Thanks for your help

Otis


----------



## aquaverde (Feb 9, 2004)

Hi Otis,

I assume you meant to say you have 5ppm phosphates, not nitrates, in your tank. Have you checked your tap water? An aquarist across the Hudson from me claims to have about 40ppm in the tap water. Water companies add to to inhibit corrosion, I believe.


----------



## MantisX (Sep 2, 2004)

Sorry my mistake. I did mean phosphates.


----------



## aquaverde (Feb 9, 2004)

Check your tap water.

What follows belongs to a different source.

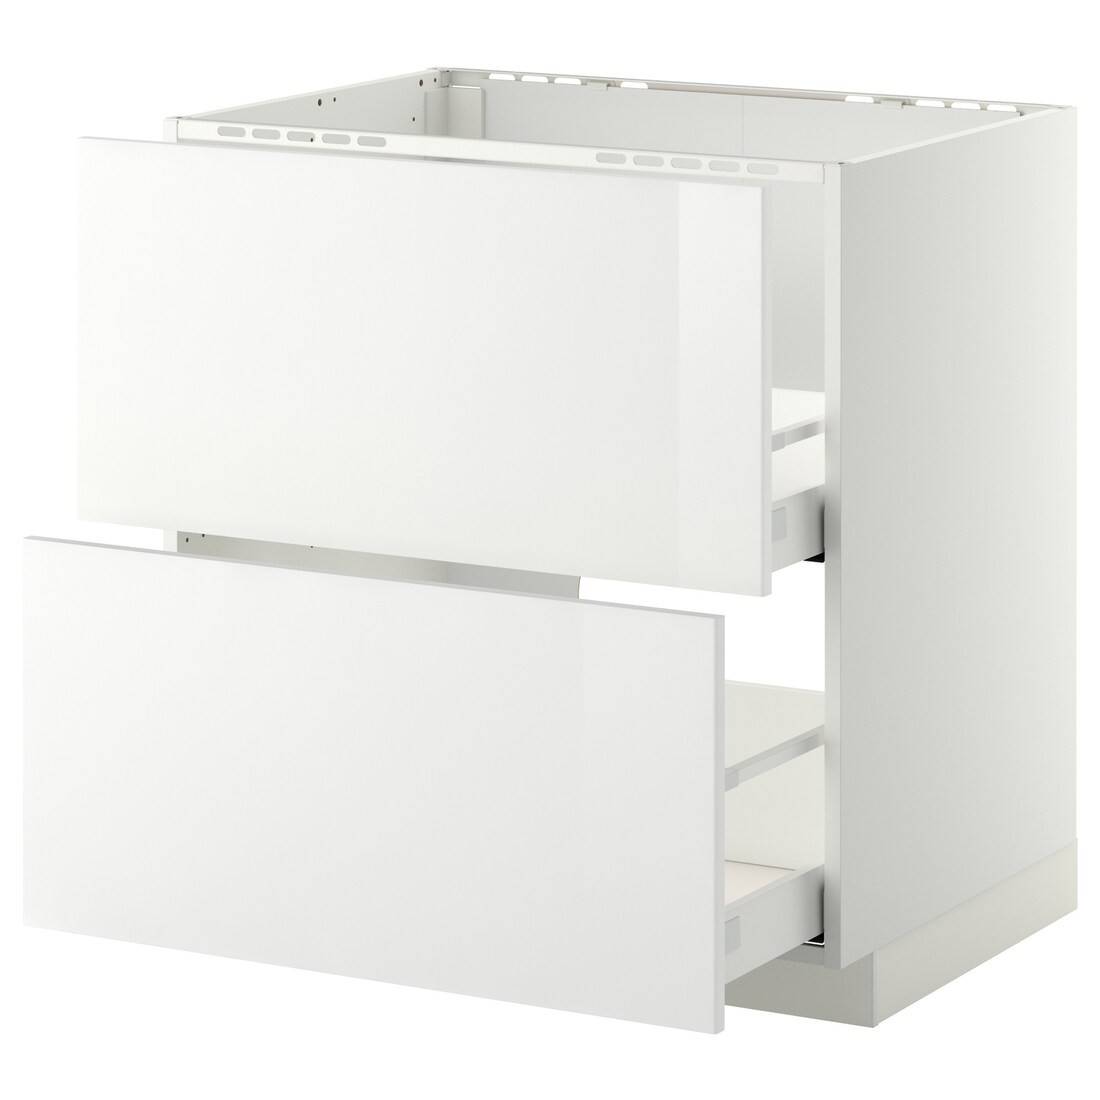 IKEA METOD МЕТОД / MAXIMERA МАКСИМЕРА Напольный шкаф под мойку с ящиками, белый / Ringhult белый, 80x60 см 69920242 699.202.42

Let us know.


----------



## EDGE (Feb 28, 2004)

How big and frequent of a water change do you do?


----------



## plantbrain (Jan 23, 2004)

A poor PO4 test kit will often read way over the normal ~1.0ppm PO4 levels added to tap for corrosion control.

It's extremely unlikely(eg I've never found even 2-3ppm causes any algae issues)

Regards, 
Tom Barr


----------



## mm12463 (Mar 5, 2004)

I would say if things are going well hold off on the additional lighting for a bit until you get better understanding of why things are off. If things are going well why mess with it.


----------